───── Input data

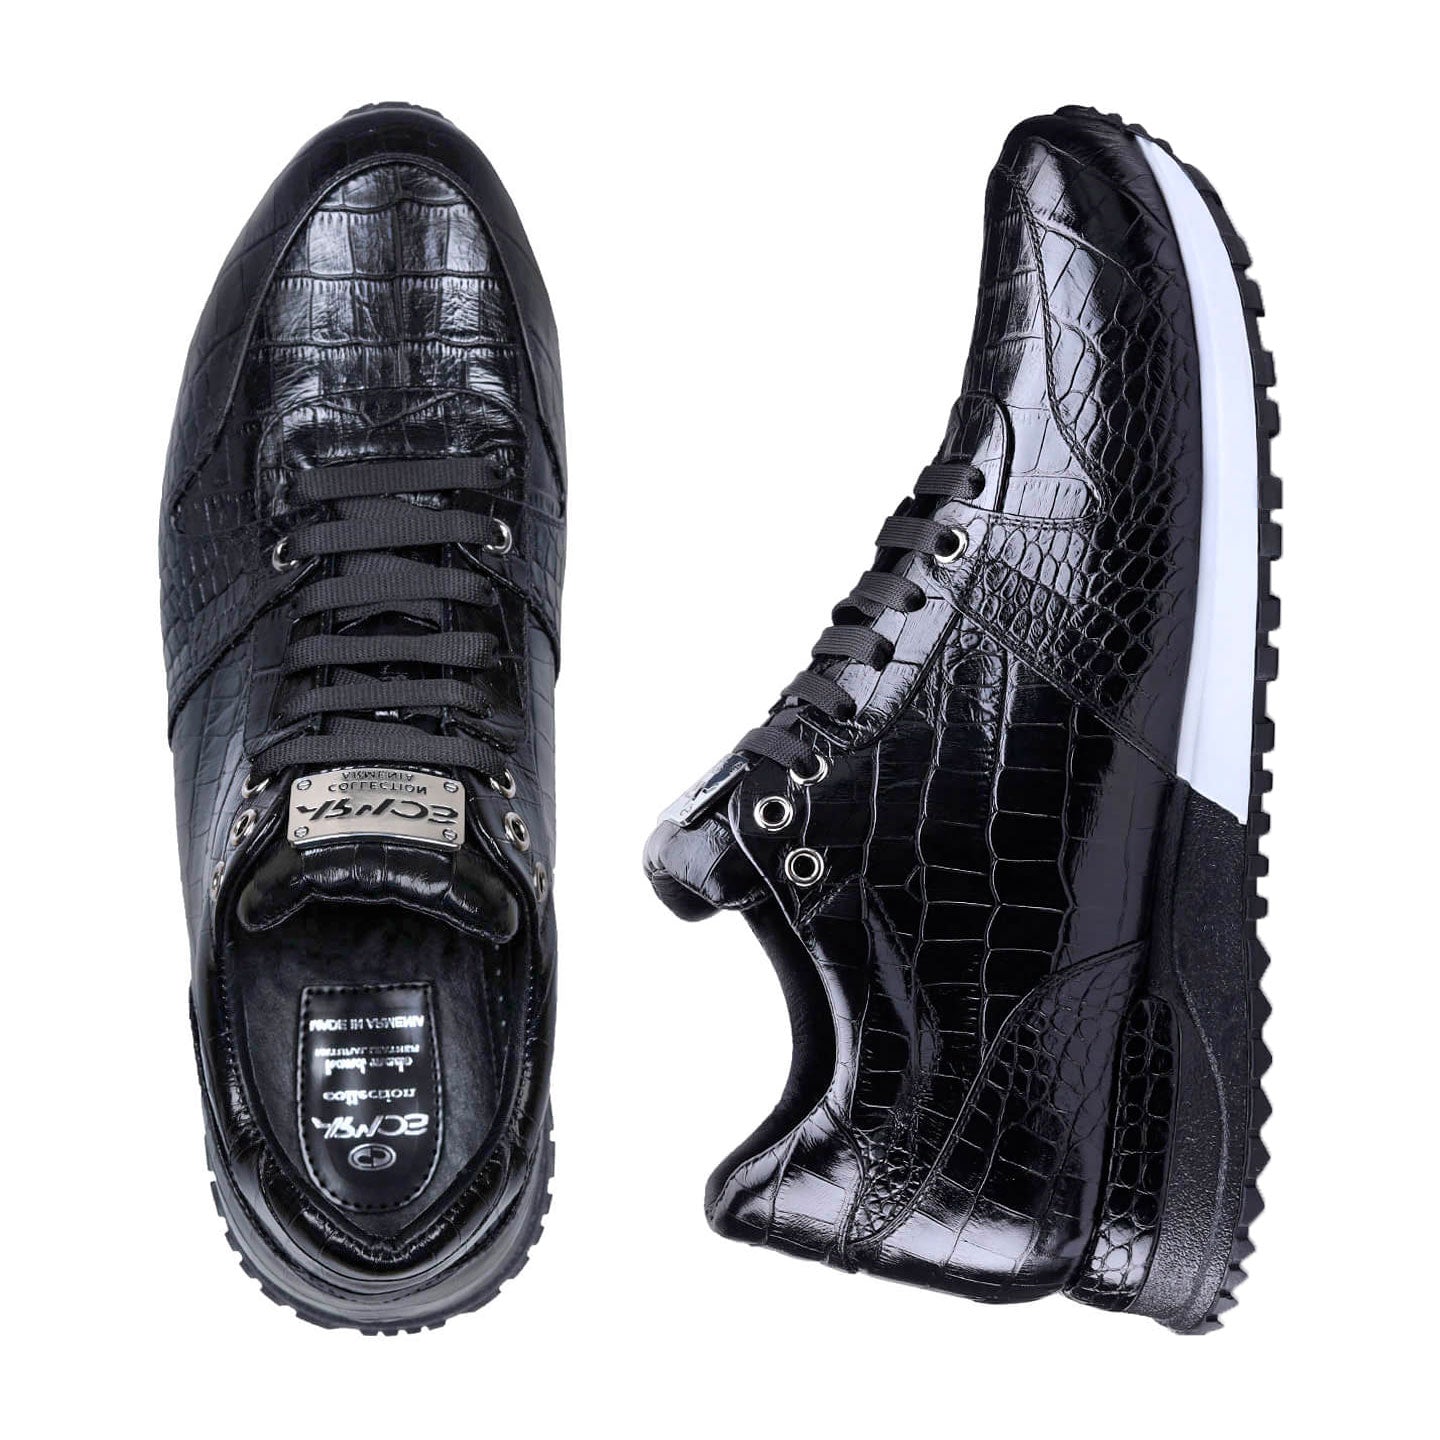 Croc-effect sneakers
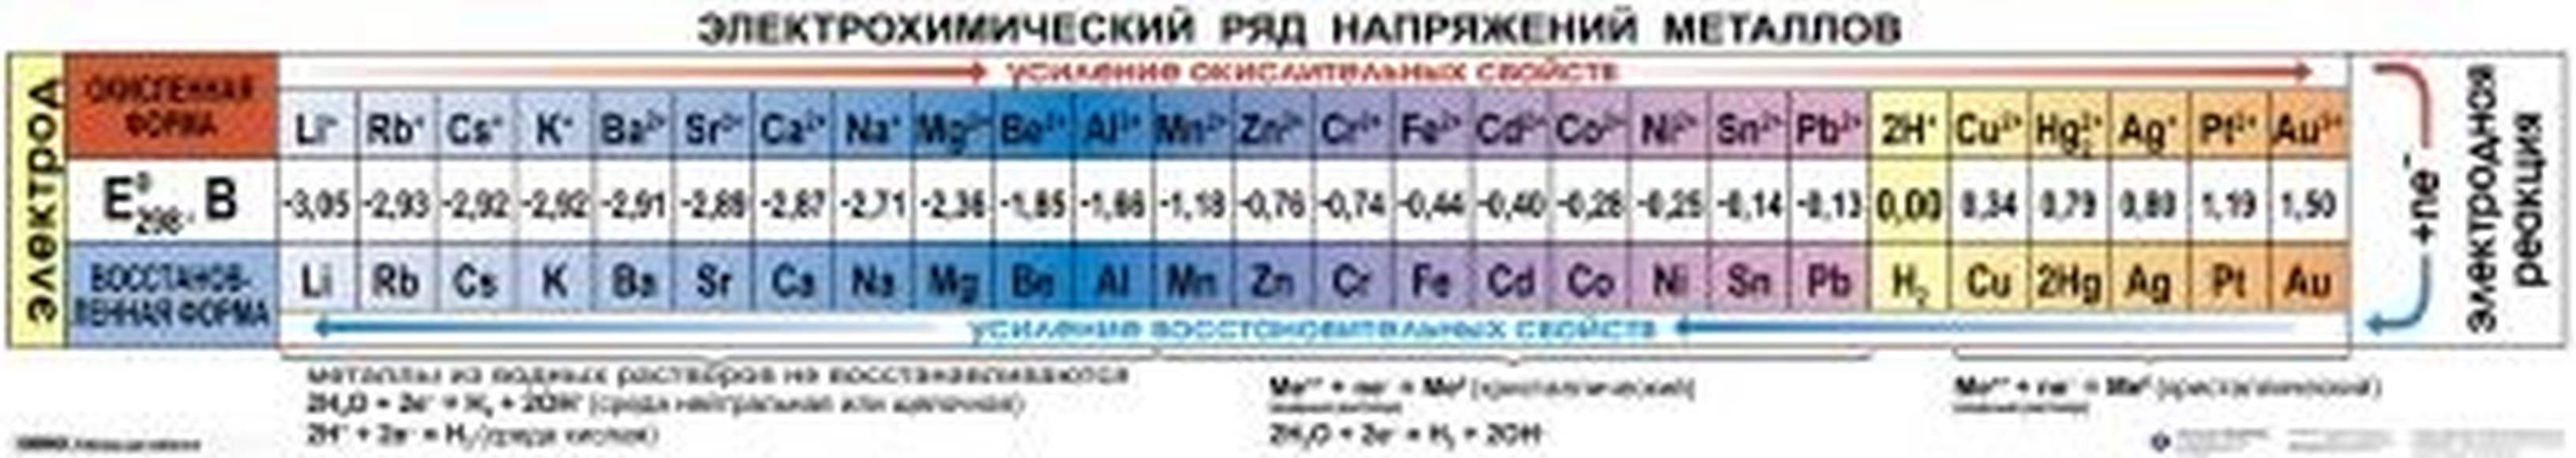 Справочные таблицы для кабинетов химии  (5-11 кл), Комплект таблиц и карточек, 14 таблиц (50х70 см);
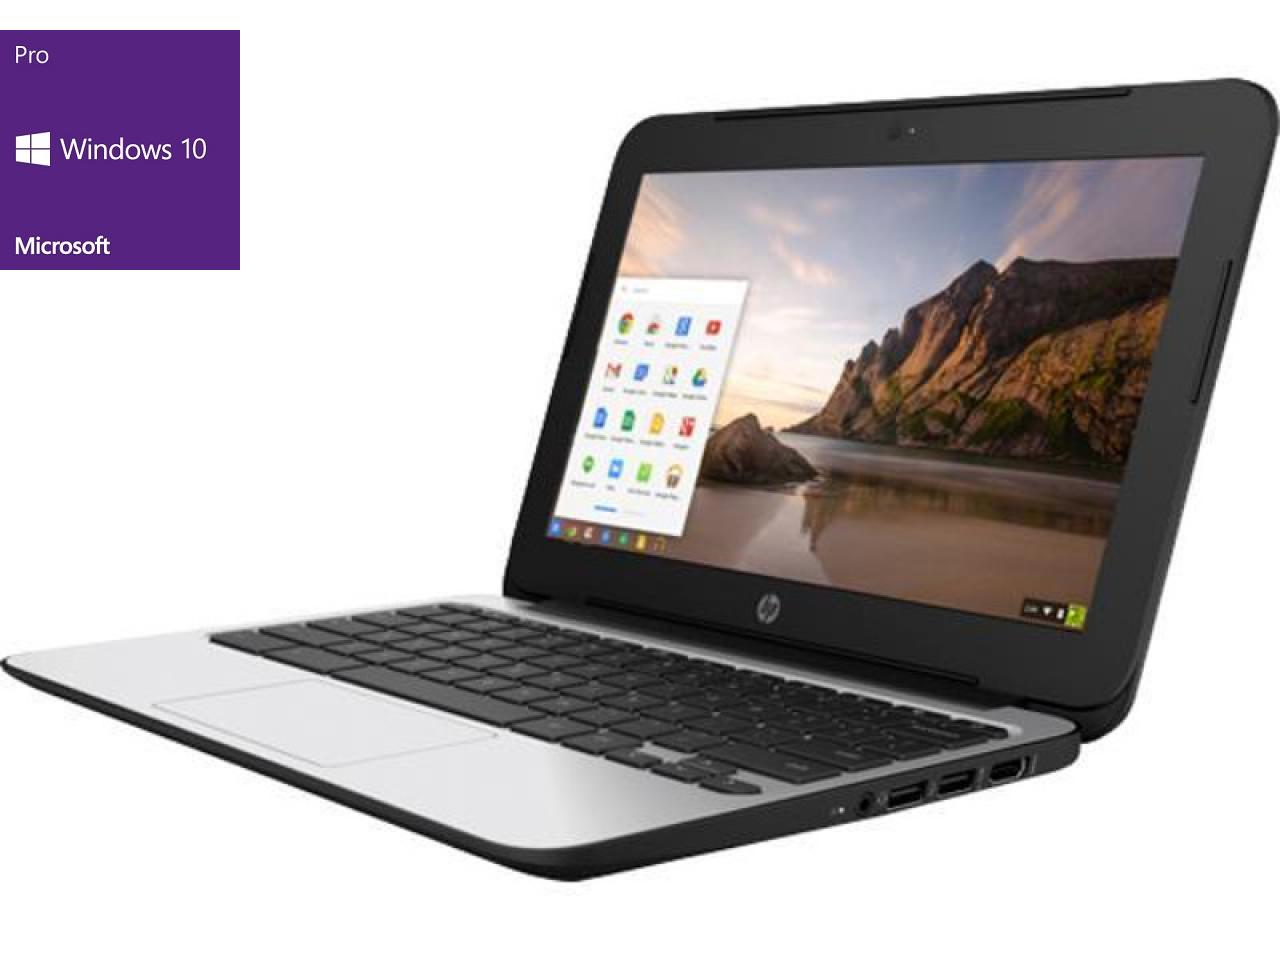 HP ProBook 640 G2  - shop.bb-net.de

──────────

**What is being asked**:
Write out the whole listing above exactly, minus images.

**Output for this exercise**:
 Croc-effect sneakers
 Справочные таблицы для кабинетов химии  (5-11 кл), Комплект таблиц и карточек, 14 таблиц (50х70 см);
 HP ProBook 640 G2  - shop.bb-net.de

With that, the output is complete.